Inference Latency Not Improved: Inheriting the progressive upsampling and overlapping patch denoising strategy of DemoFusion, the inference time increases rapidly with resolution (taking ~25 minutes for 4K).
Dependence on Pre-trained Model Quality: The fidelity of high-resolution images is limited by the capabilities of the underlying diffusion model.
Degradation at Extreme High Resolutions: Detail degradation occurs when exceeding 6K (\(36\times\)), indicating an upper limit on the accuracy of the cross-attention map guidance.
Unreasonable Local Content: Relying on the LDM's prior knowledge of cropped images, it may generate unreasonable local content during extreme close-up generations.
Unexplored Non-overlapping Patch Denoising: As the paper points out, non-overlapping patch-wise denoising is a potential direction to improve efficiency.

vs DemoFusion (CVPR 2024): Both are patch-wise methods. DemoFusion introduces residual connections and dilated sampling but still suffers from small object duplication. AccDiffusion addresses the root cause by using patch-content-aware prompts to completely resolve the duplication issue without increasing inference time.
vs MultiDiffusion (ICML 2023): MultiDiffusion only performs basic overlapping patch fusion without global semantic information, leading to severe duplication and distortion. AccDiffusion builds upon it by introducing finer prompt control and global information enhancement.
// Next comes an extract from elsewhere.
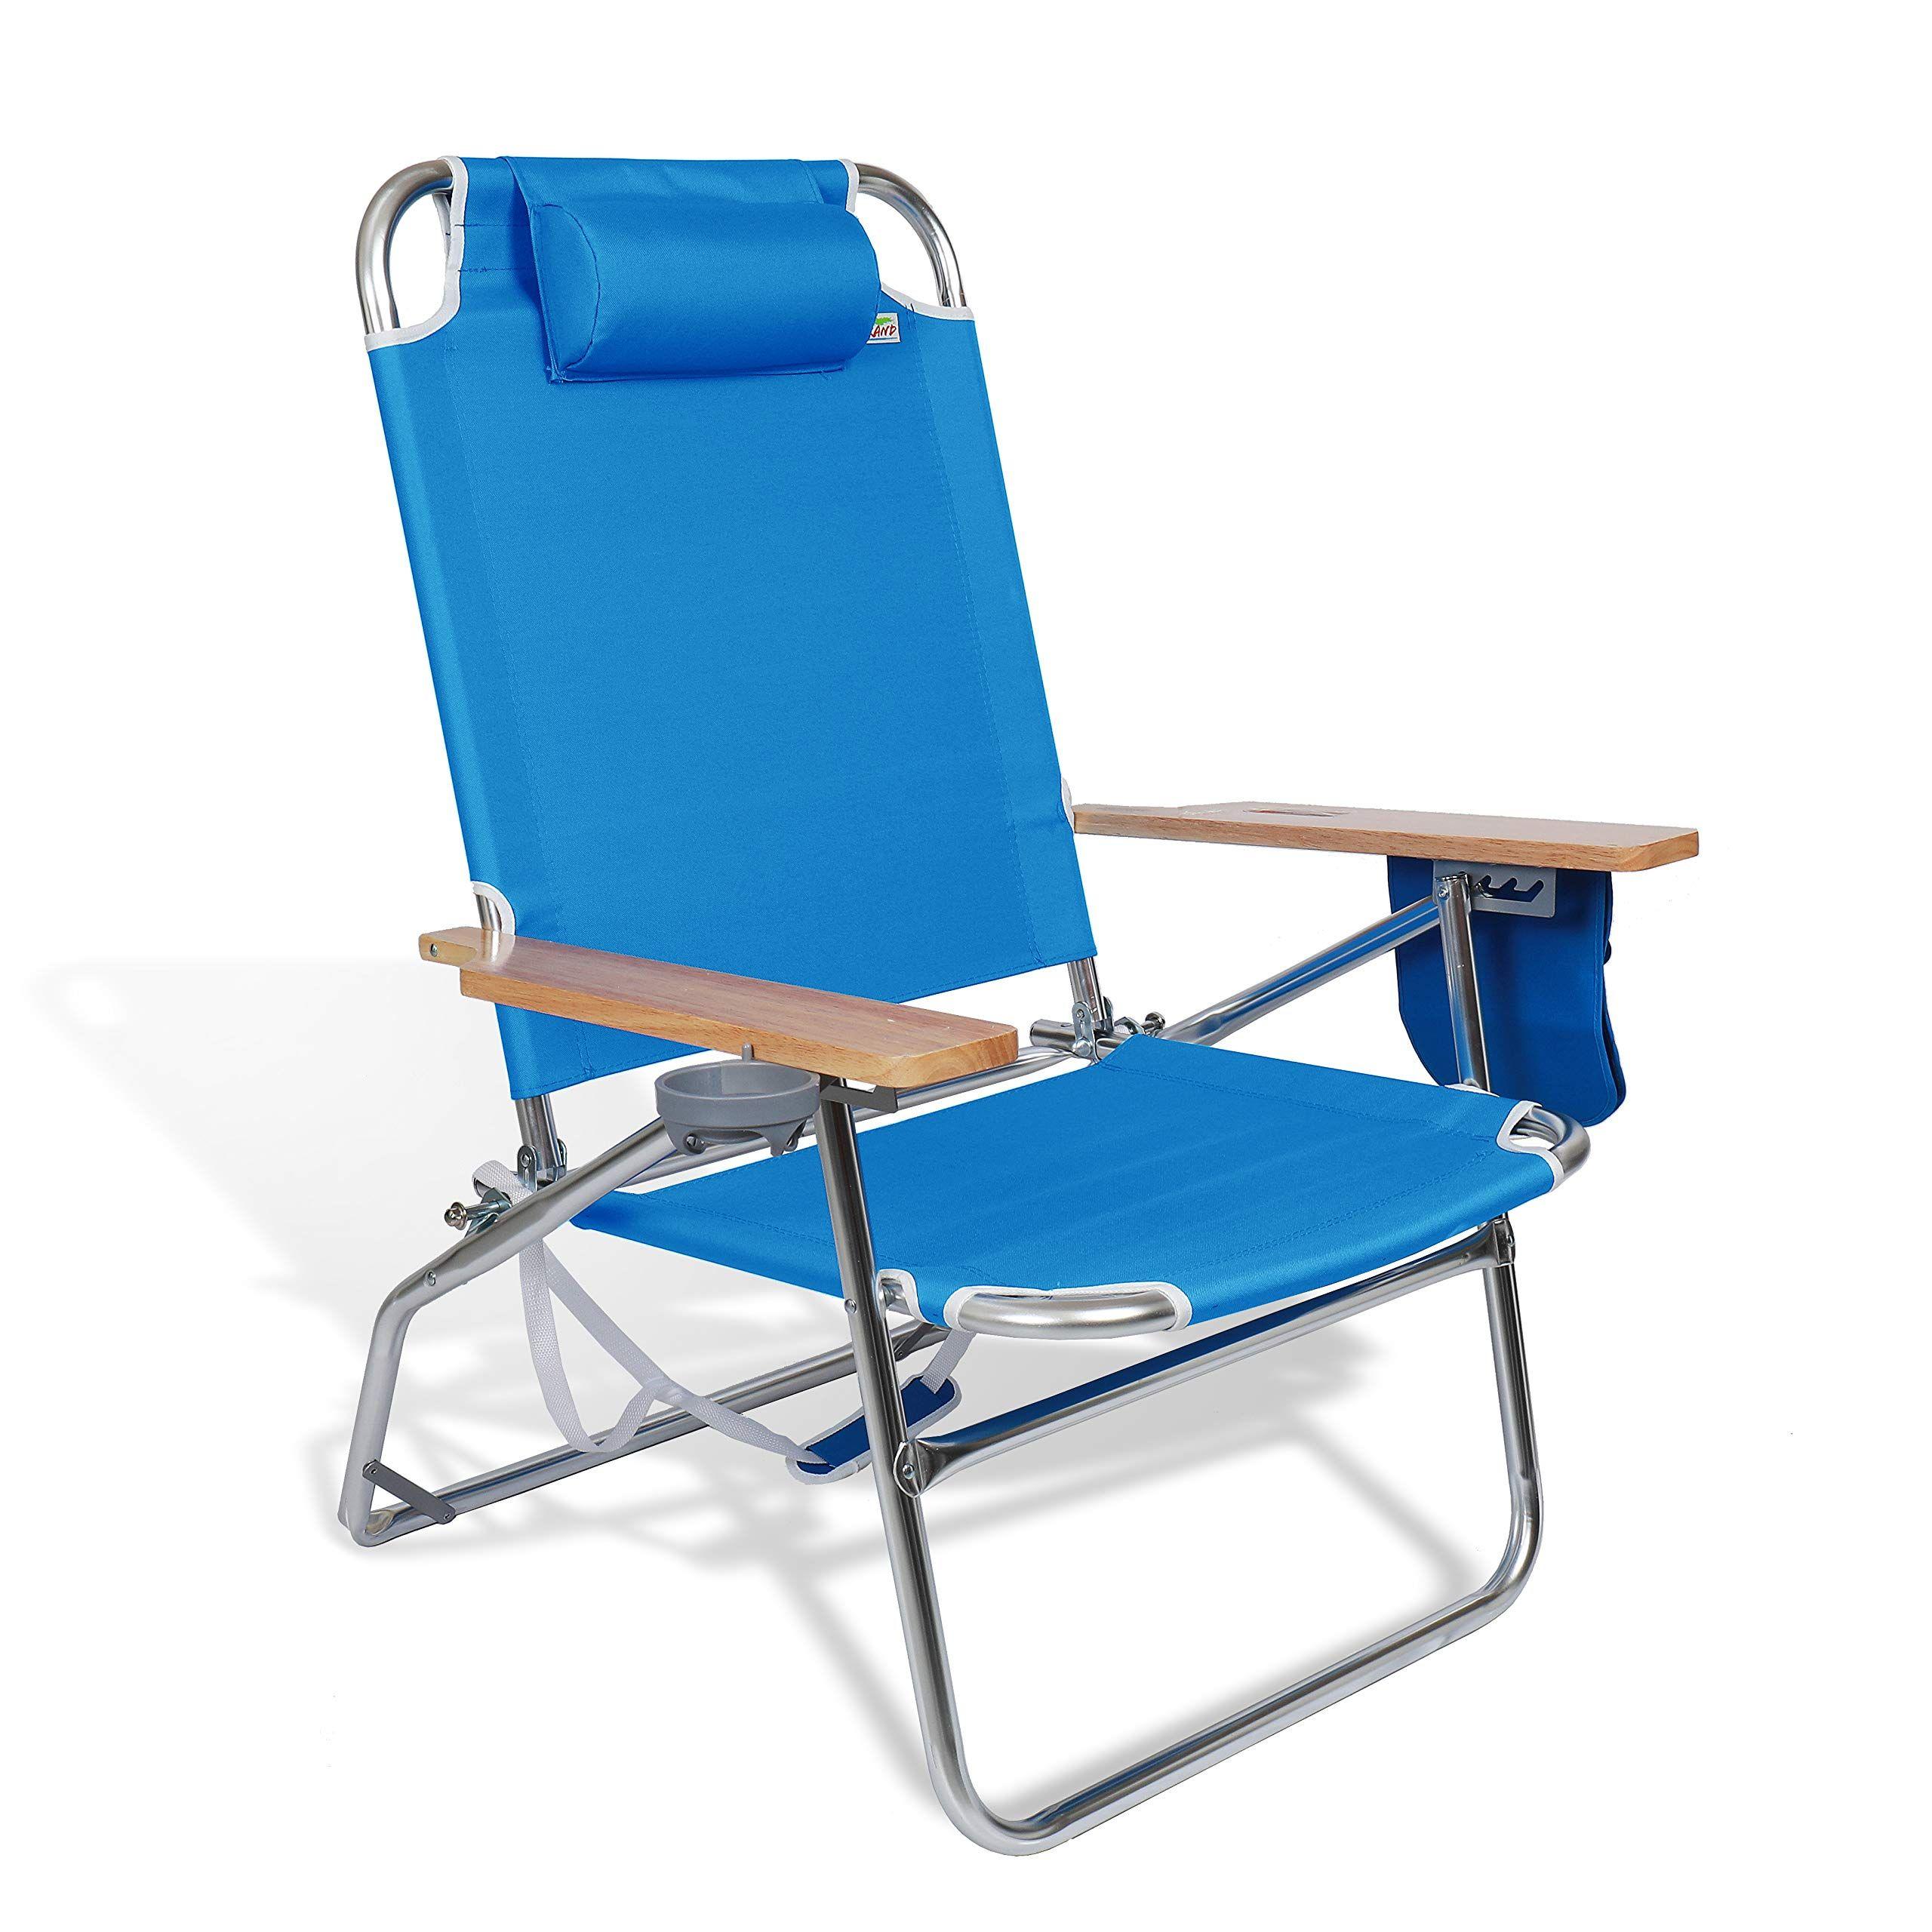 690grand High Capacity Beach Jumbo Chair 500lbs Folding Seat Big And Tall Outdoor Camping Storage Pouch And Cup Holder Outdoor Chairs Outdoor Outdoor Storage

vs ScaleCrafter (ICLR 2024): A direct generation method that modifies the convolution receptive field, but its GPU memory increases rapidly with resolution, and it still suffers from structural distortion. AccDiffusion avoids memory bottlenecks through a patch-wise approach.
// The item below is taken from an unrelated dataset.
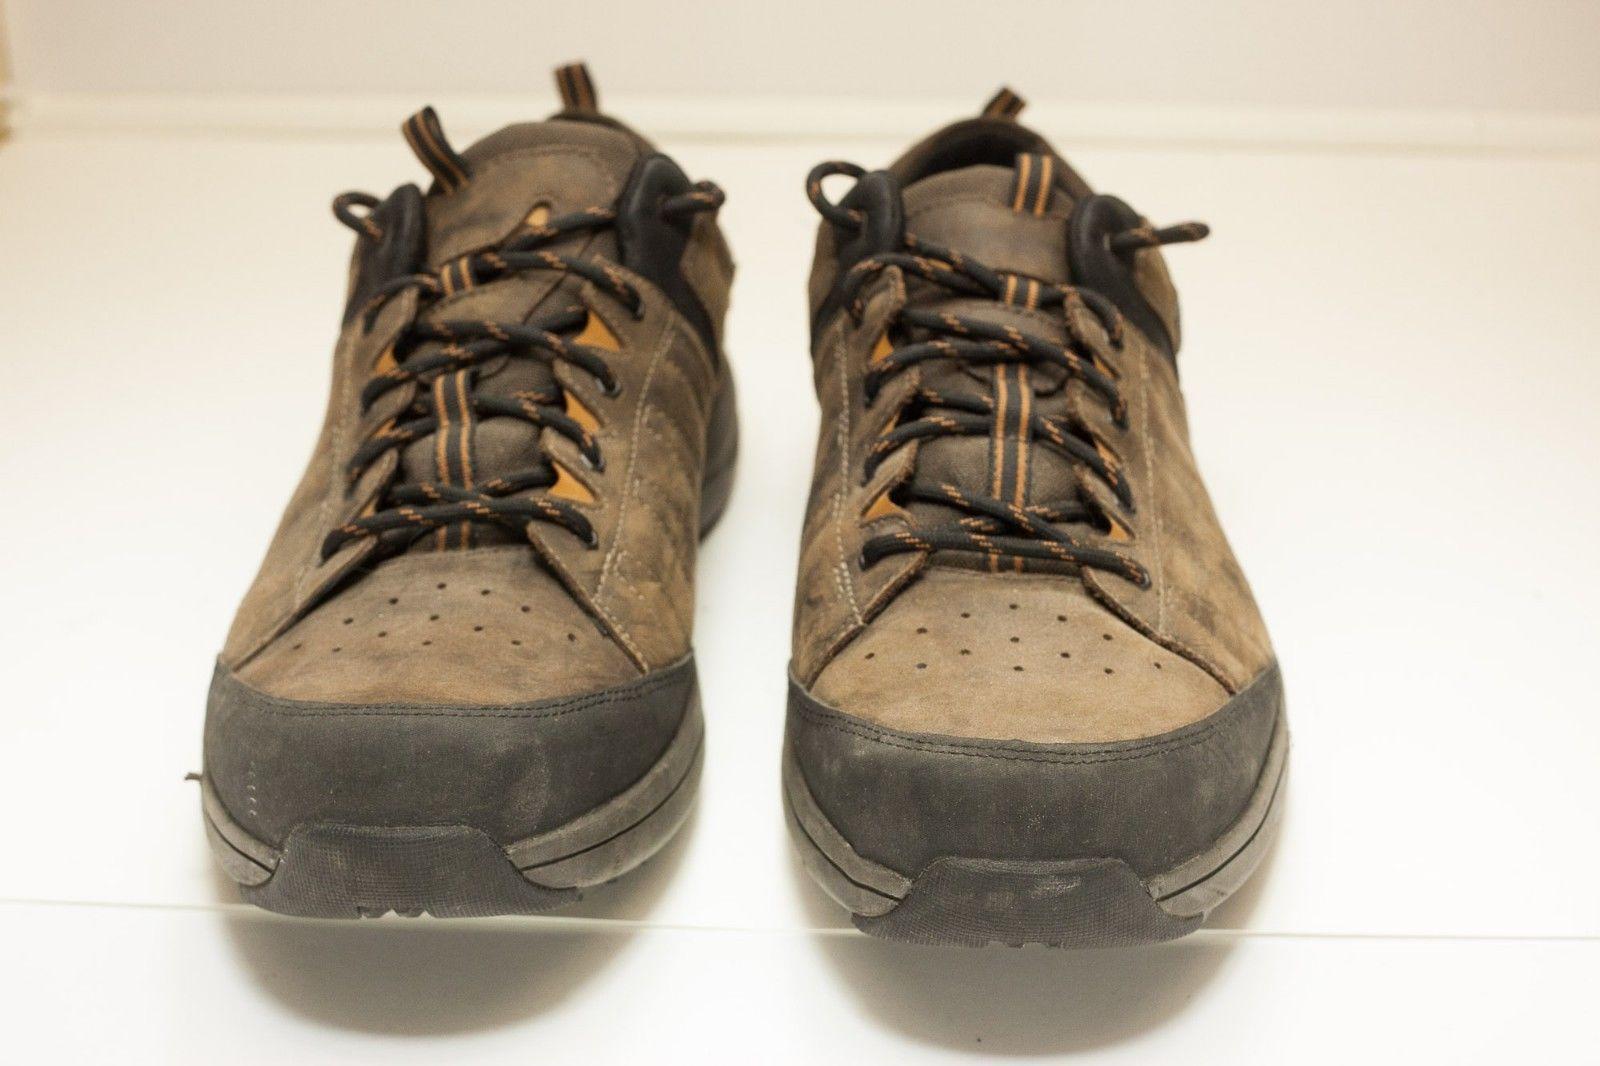 Dunham Seth-dun Waterproof 14 EE Brown Lace Up Men's

The utilization of Cross-Attention Maps is worth learning from: The paper cleverly transfers cross-attention maps from the domain of Prompt-to-Prompt image editing to high-resolution generation to automatically determine patch-prompt correspondences. This idea of using the diffusion model's internal representations to guide generation control has broad applicability.
Indirectly related to process-aware alignment: AccDiffusion guides subsequent generation by analyzing the intermediate states of the diffusion process (attention maps). This "process-aware" concept shares commonalities with process-aware alignment.
Morphological post-processing trick can be transferred: In binarization/thresholding scenarios of attention maps or feature maps, using mathematical morphological opening to remove small connected components is a general and effective post-processing tool.

Rating¶

Novelty: ⭐⭐⭐⭐ The approach to solving the problem is clear and unique (fundamentally solving duplication from the prompt level), but the overall framework is still based on DemoFusion.
Experimental Thoroughness: ⭐⭐⭐⭐ Ablation experiments sufficiently reveal the contribution of each module, combining both quantitative and qualitative analyses, though FID/IS metrics struggle to fully reflect the degree of duplication.
Writing Quality: ⭐⭐⭐⭐⭐ Clear logic, tightly linking problem analysis to solution design with beautiful and easy-to-understand diagrams.
Value: ⭐⭐⭐⭐ Training-free and plug-and-play, with high practical value, though inference speed remains a bottleneck.